** Supplied data **
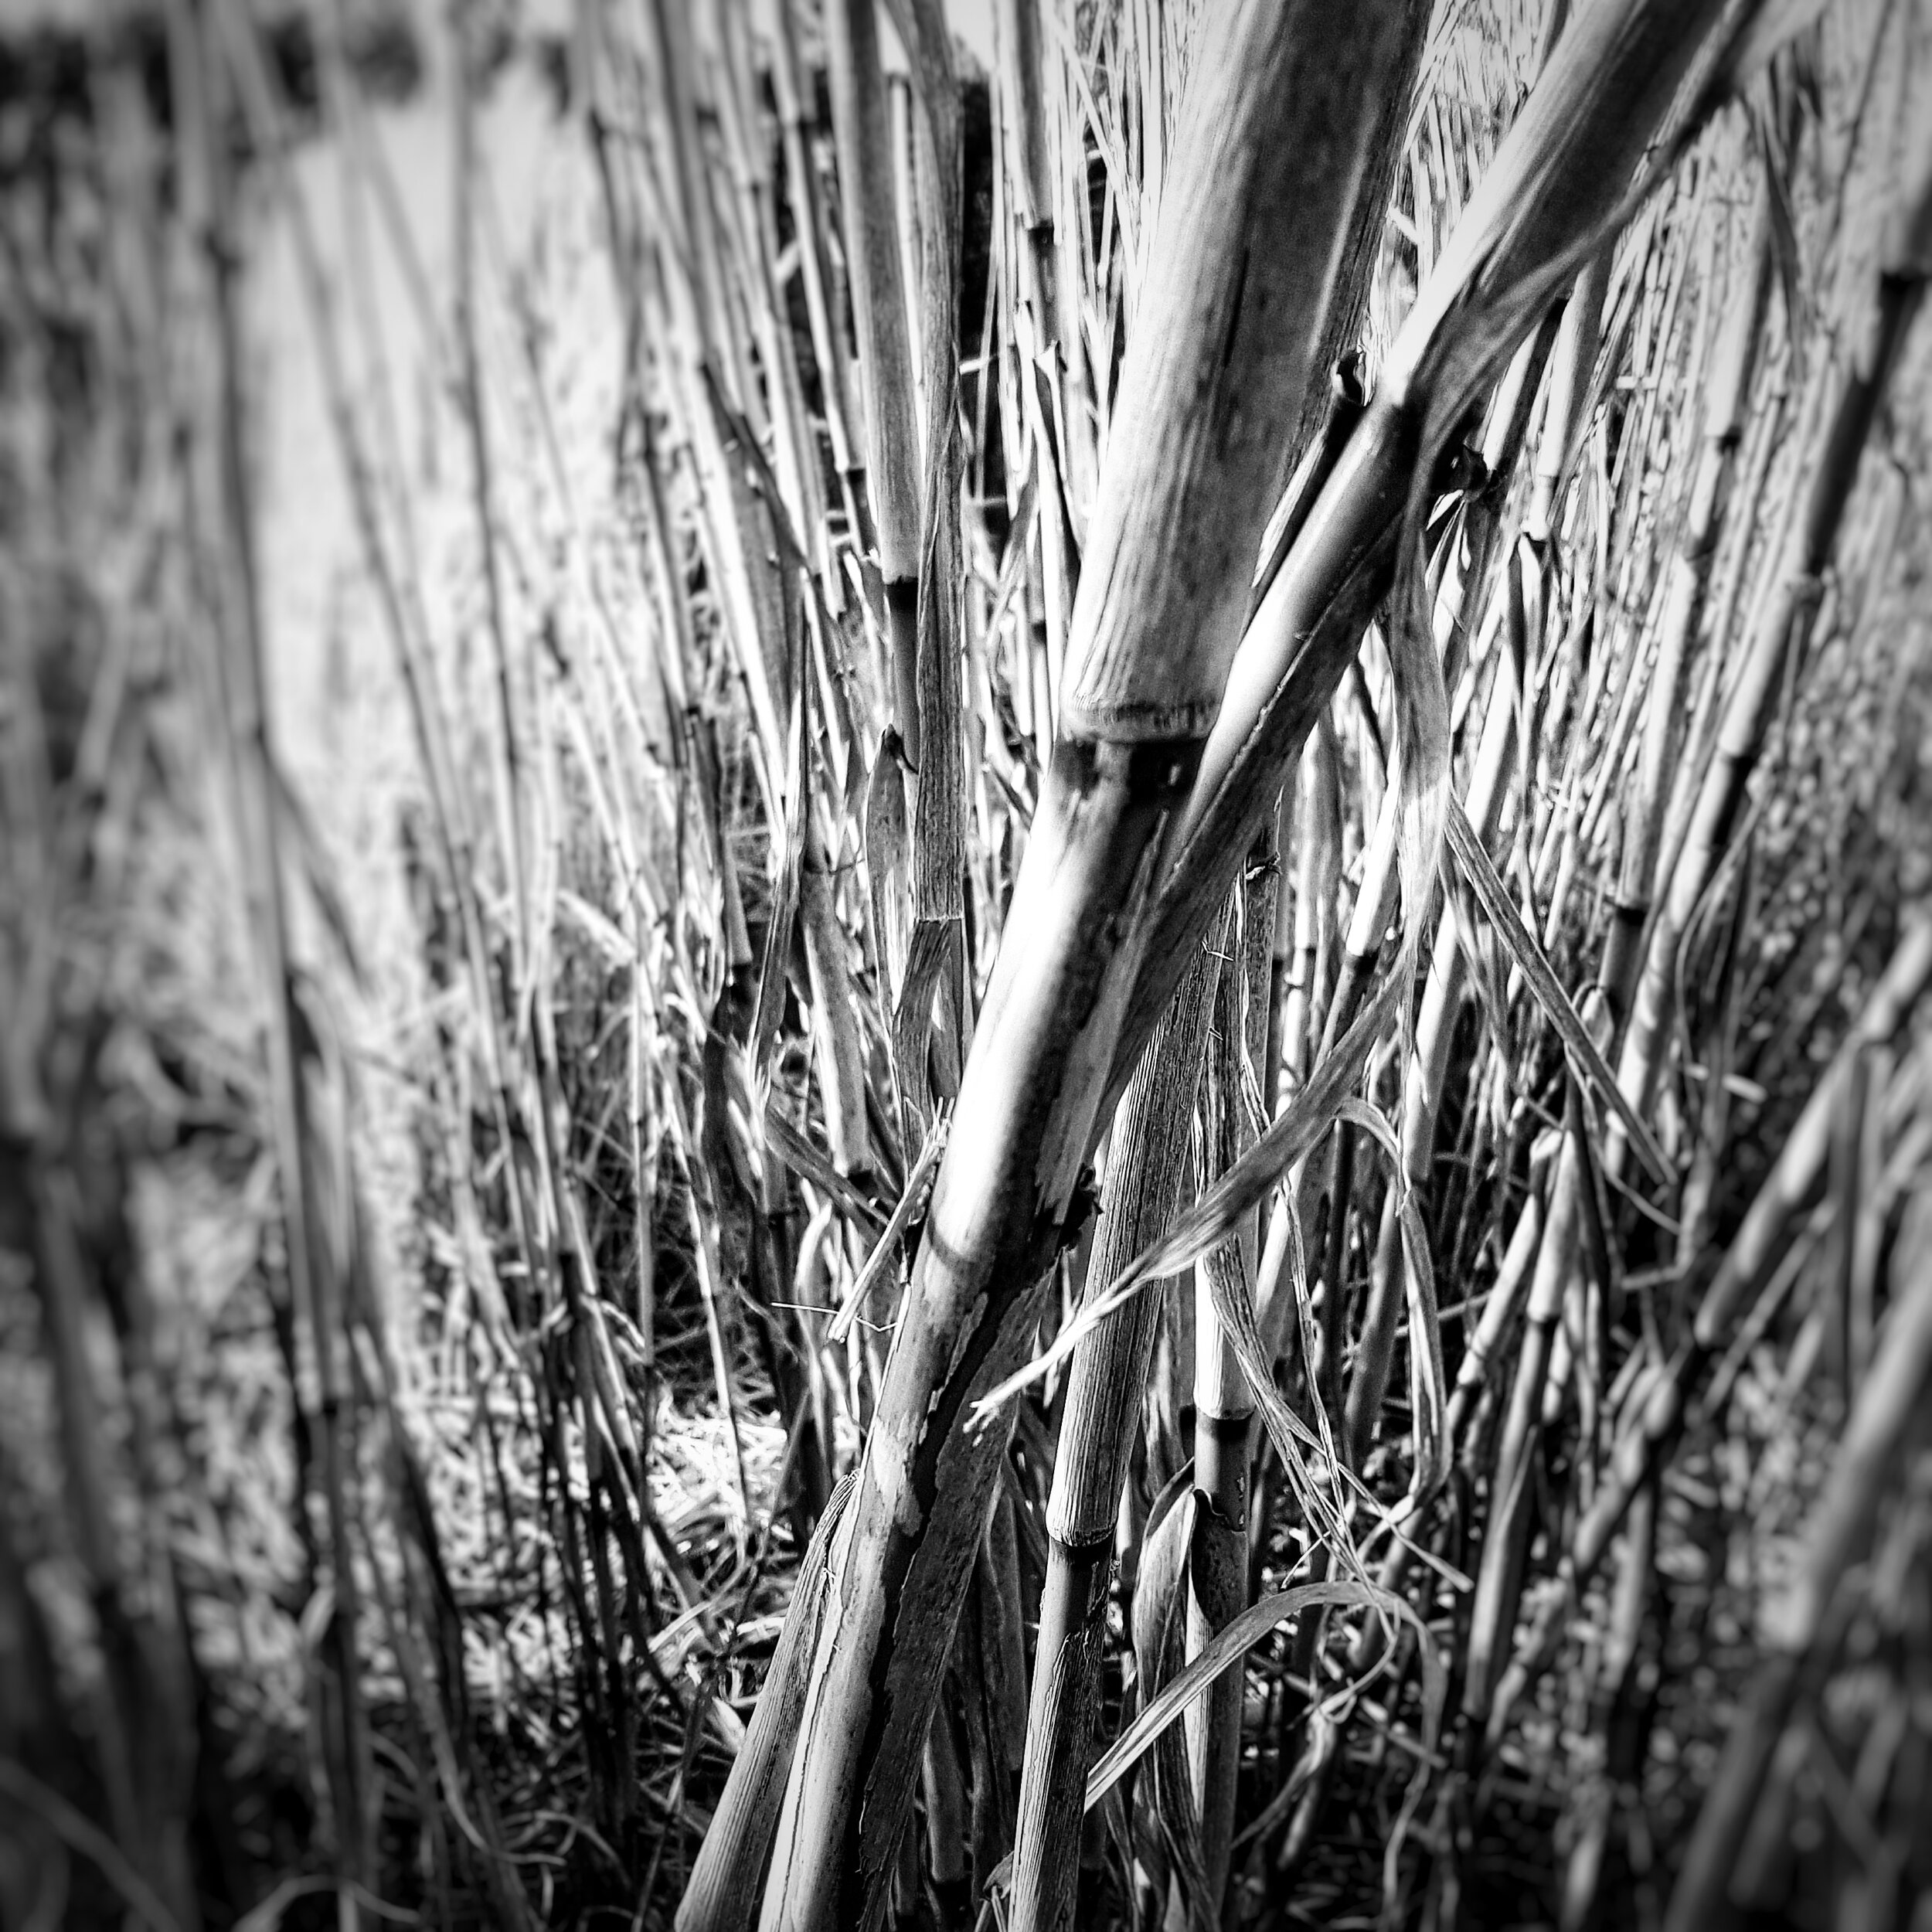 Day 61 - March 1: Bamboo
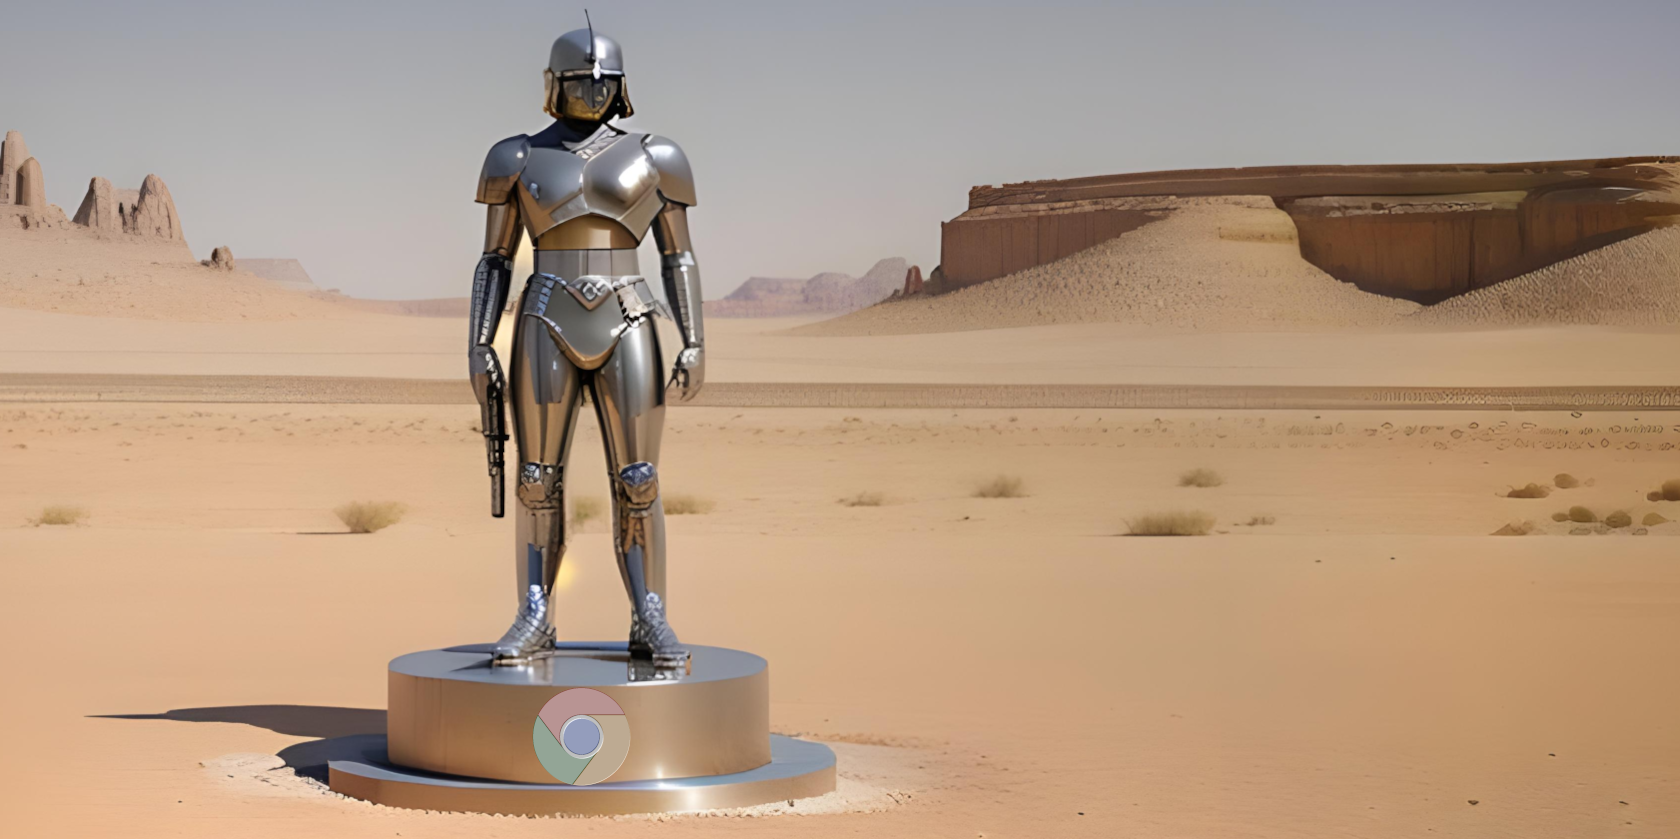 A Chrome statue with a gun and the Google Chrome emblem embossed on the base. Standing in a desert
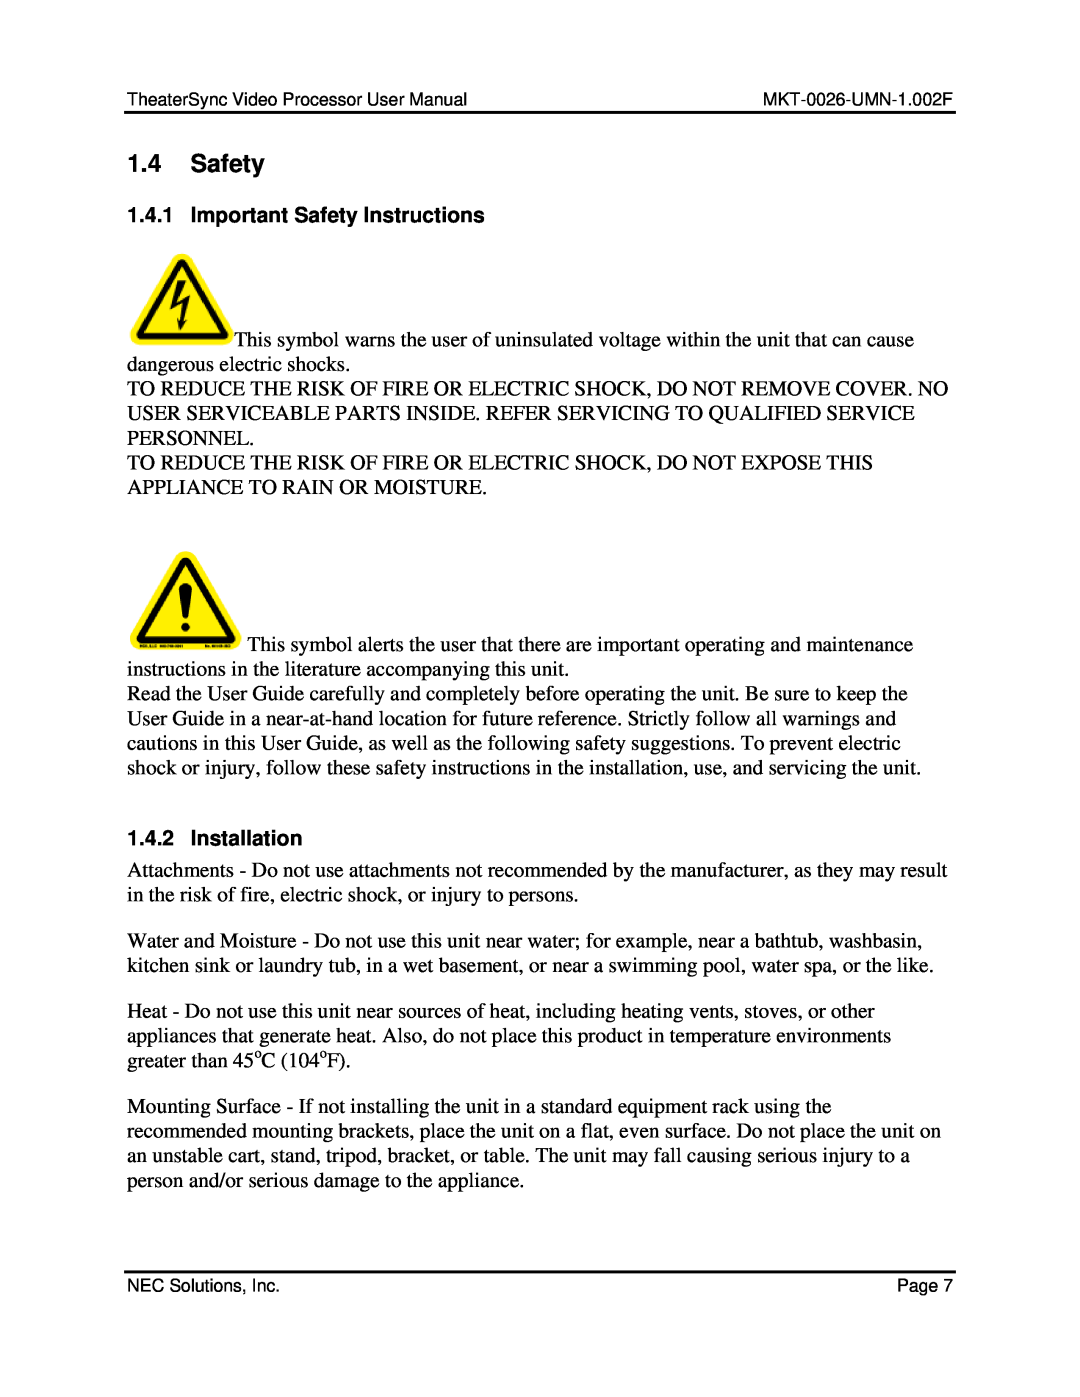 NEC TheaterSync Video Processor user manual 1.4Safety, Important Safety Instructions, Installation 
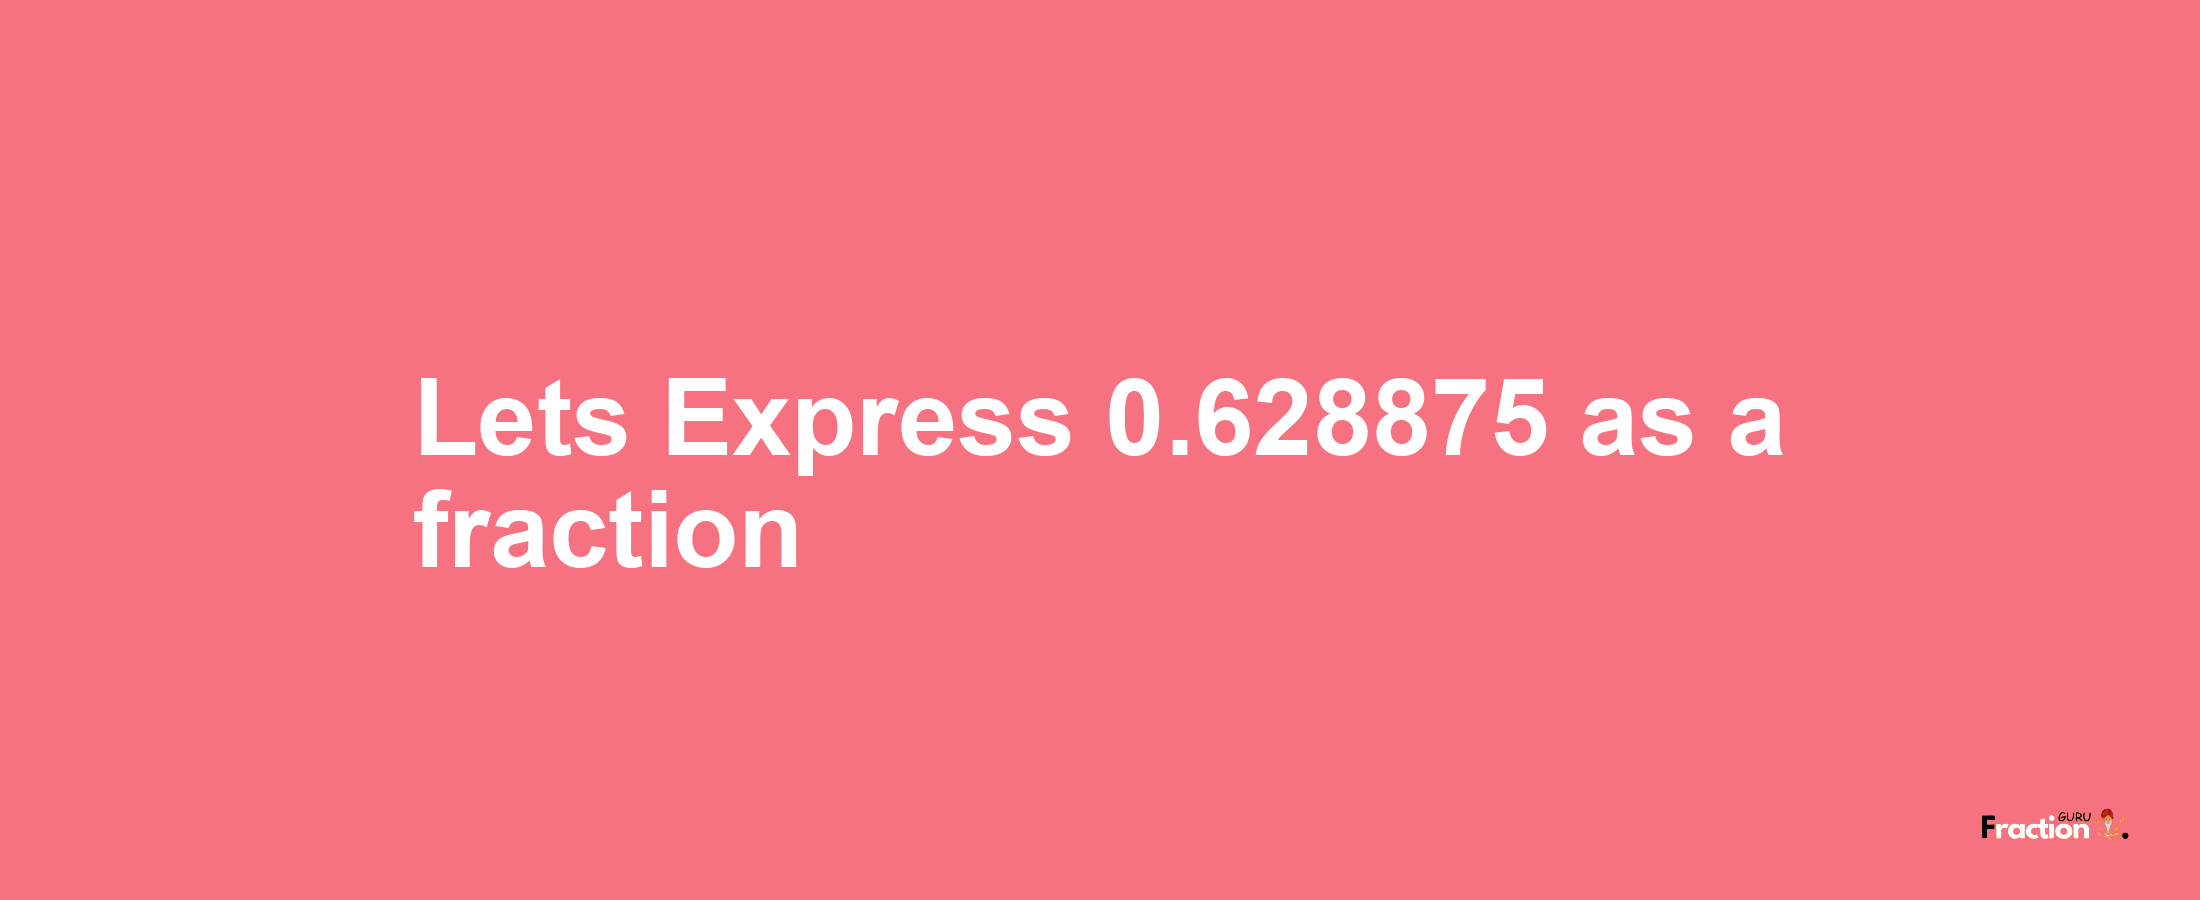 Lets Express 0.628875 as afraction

** Problem description **
Copy all of the material word for word, and include none of its pictures.

** Solved problem **
 Day 61 - March 1: Bamboo
 A Chrome statue with a gun and the Google Chrome emblem embossed on the base. Standing in a desert
 NEC TheaterSync Video Processor user manual 1.4Safety, Important Safety Instructions, Installation 
 Lets Express 0.628875 as afraction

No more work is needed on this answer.